If muscle fatigue sets in and the muscle is no longer able to sustain work efficiently, the muscle becomes overloaded resulting in micro trauma to the muscle fibers. If this fatigue and overloading is repetitive or long term in nature the resulting microtrauma becomes cumulative and pathology or injury occurs. Local muscle fatigue is suspect to contribute to work-related Cumulative Trauma Disorders. In order to avoid the adverse effects of muscle fatigue, a sufficient supply or flow of blood to the working muscles is critical.

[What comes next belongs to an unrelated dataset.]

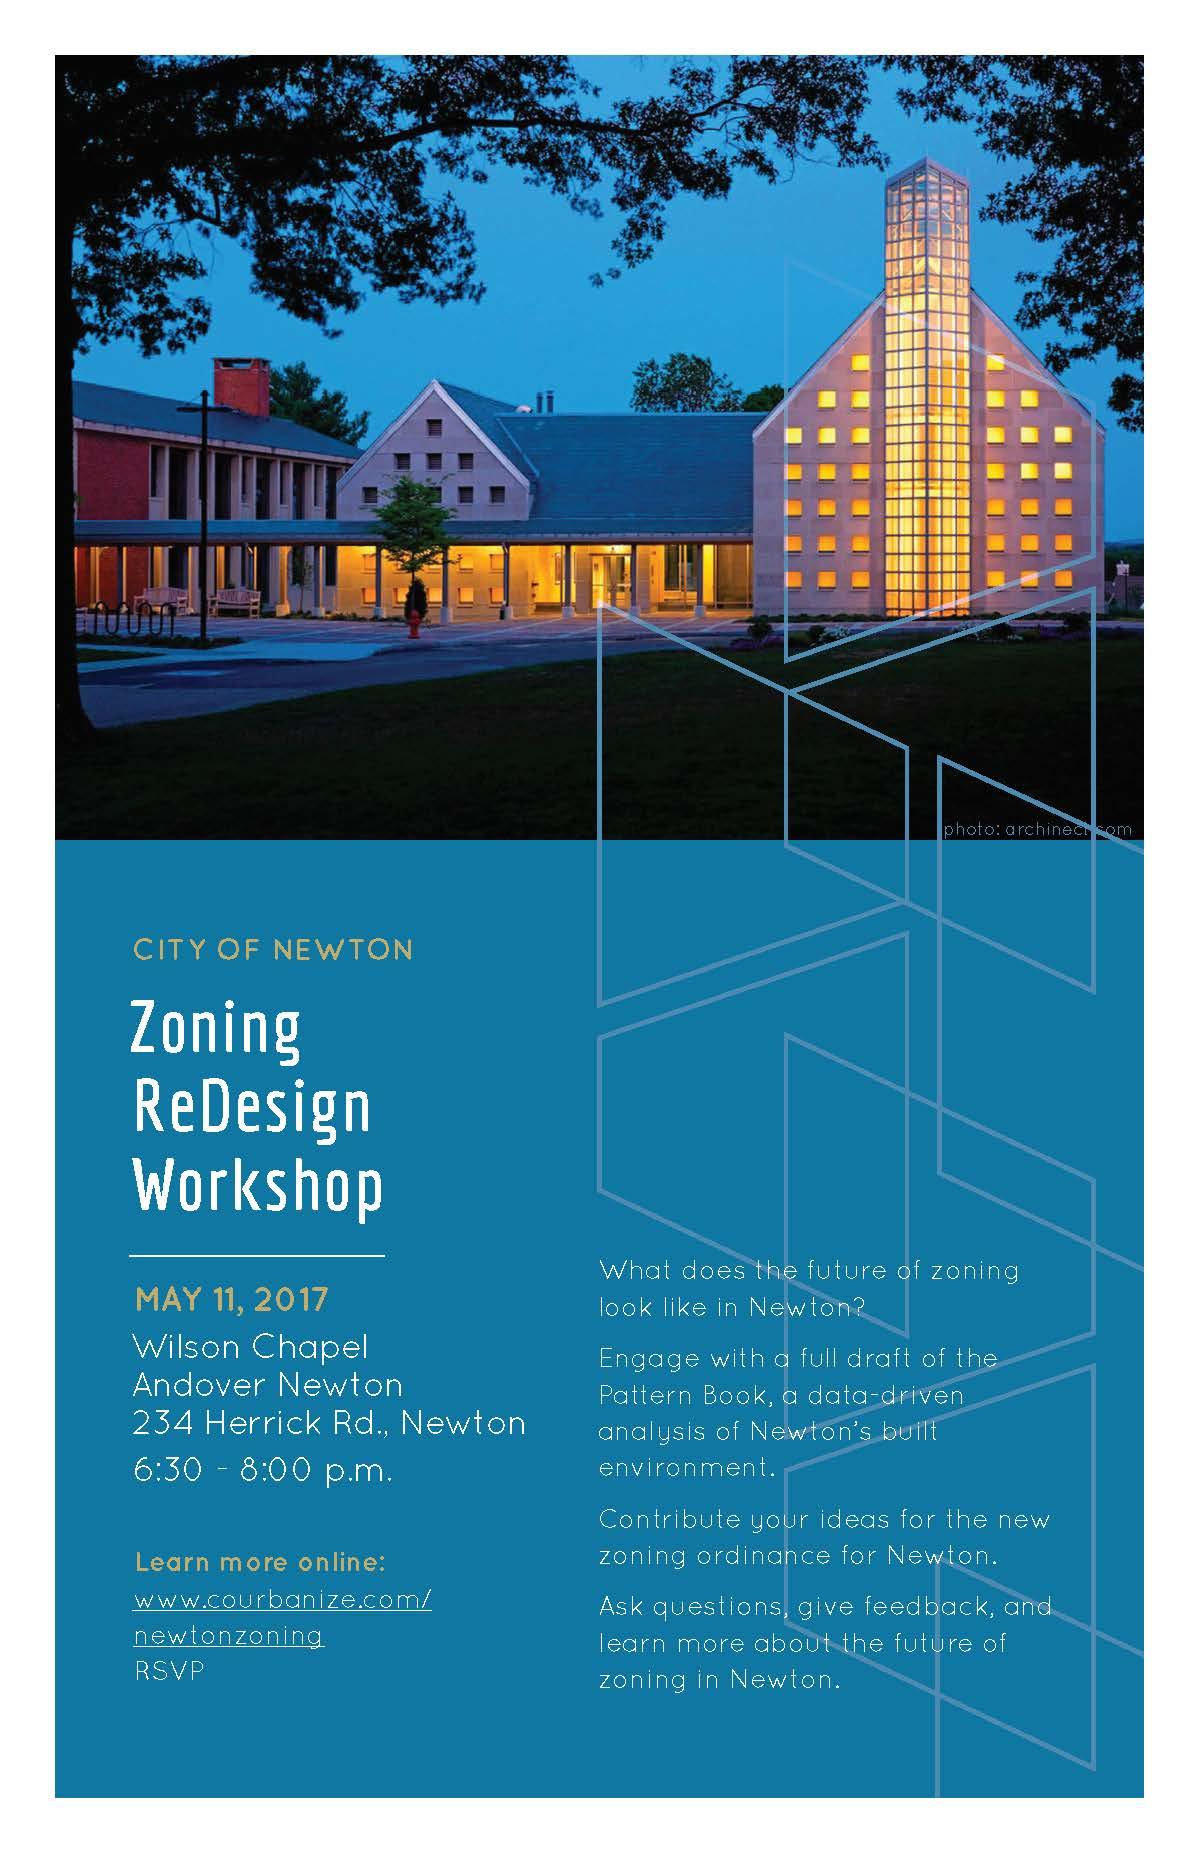 Zoning Redesign Workshop event poster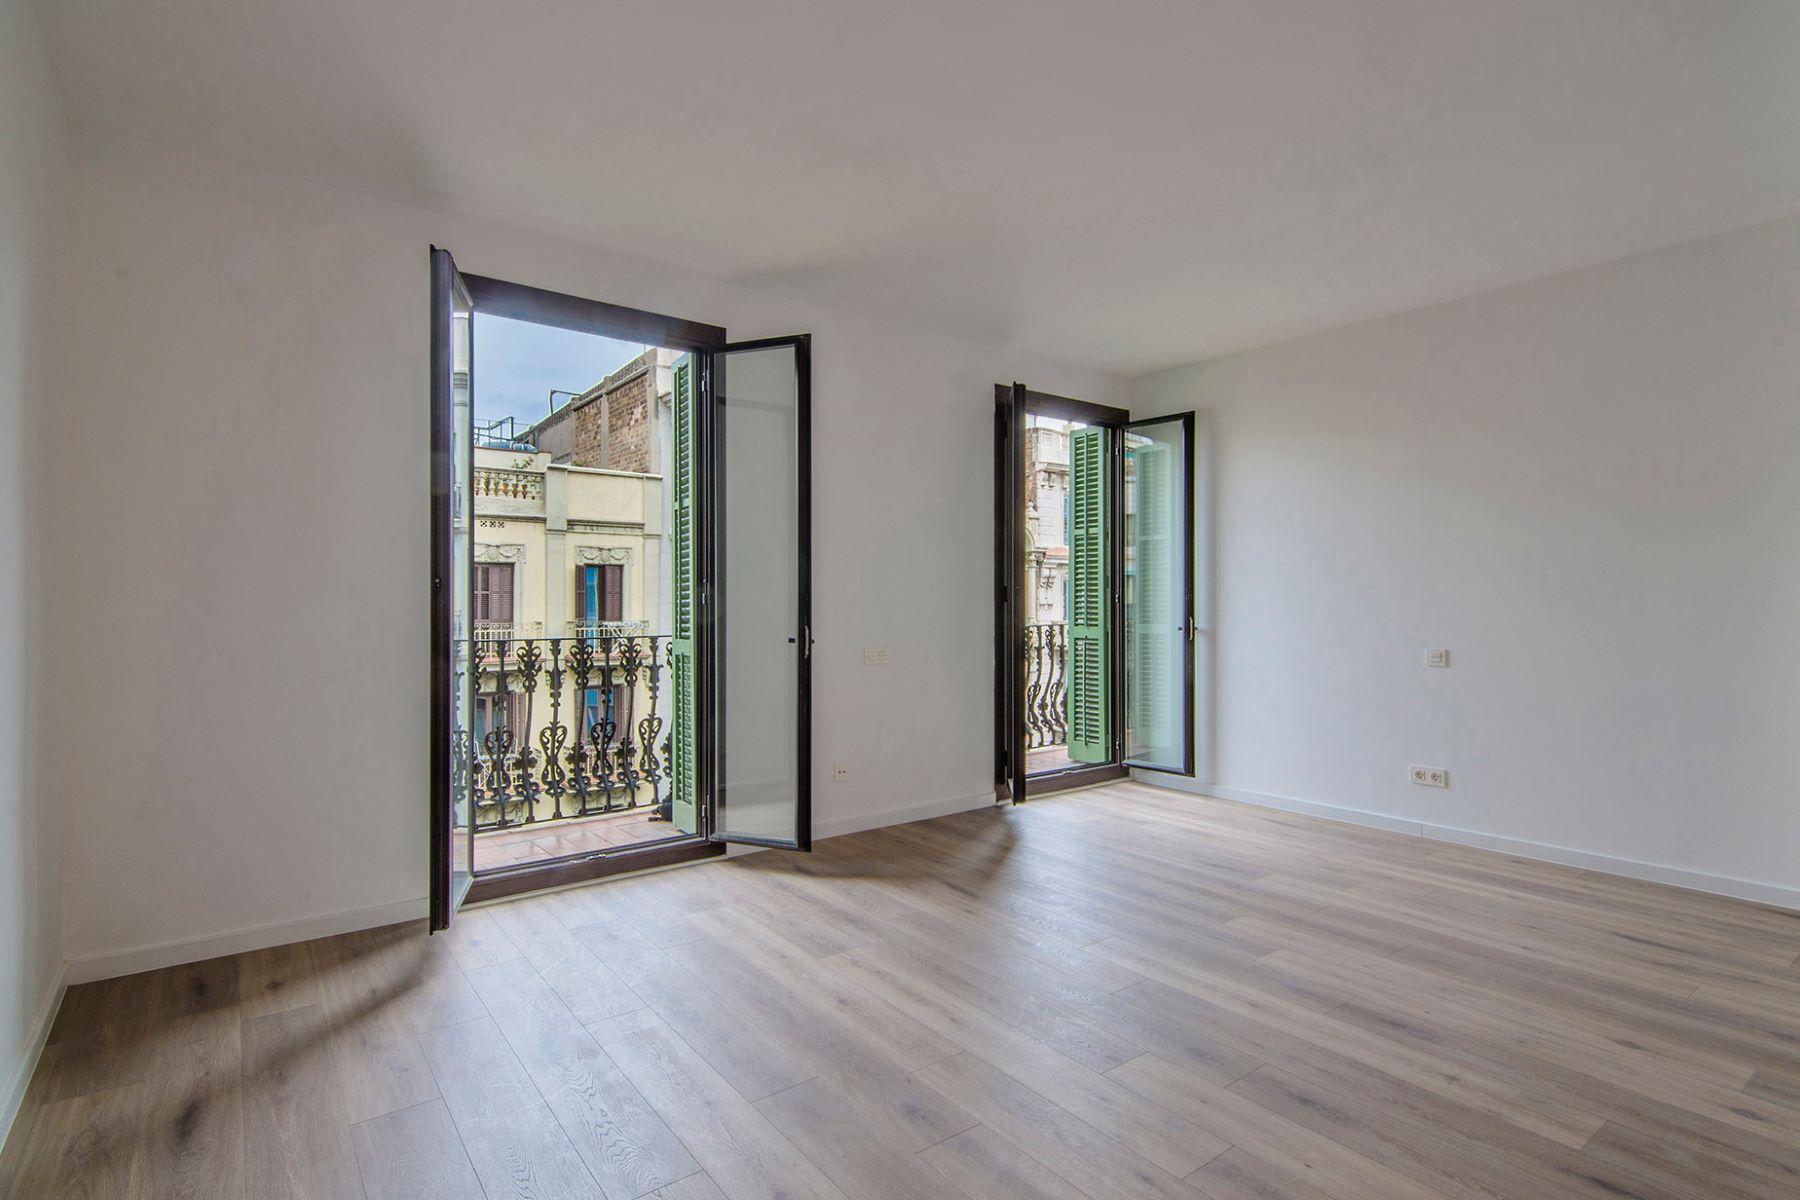 Căn hộ vì Bán tại Apartment to move to in teh Left Side of Eixample Barcelona City, Barcelona, 08007 Tây Ban Nha

Since aerobic metabolism generates almost 20 times as much ATP for energy as does anaerobic energy, the effects of muscle fatigue can be minimized by ensuring work load intensity is low enough so that adequate oxygenation, or blood flow to the active working muscles is achieved. If heavy workloads are required, they should be brief in duration, lasting less than a few seconds or minutes, which reduces the effects of prolonged anaerobic metabolism, and maximizes metabolic efficiency.

Summary
The most important factor in ergonomic job design or modification is to promote aerobic metabolism and adequate blood flow, resulting in a high metabolic efficiency. This will maintain adequate blood flow to working muscles, prevent fatigue and allow maximal performance. Dynamic muscle contractions are always preferred over static muscle loading situations. Work-rest cycles should provide sufficient recovery times to sufficiently perfuse active muscles with blood. Jobs should be designed or modified to minimize or reduce the requirements for static contractions, such as static grips, extended reaches and extreme postures.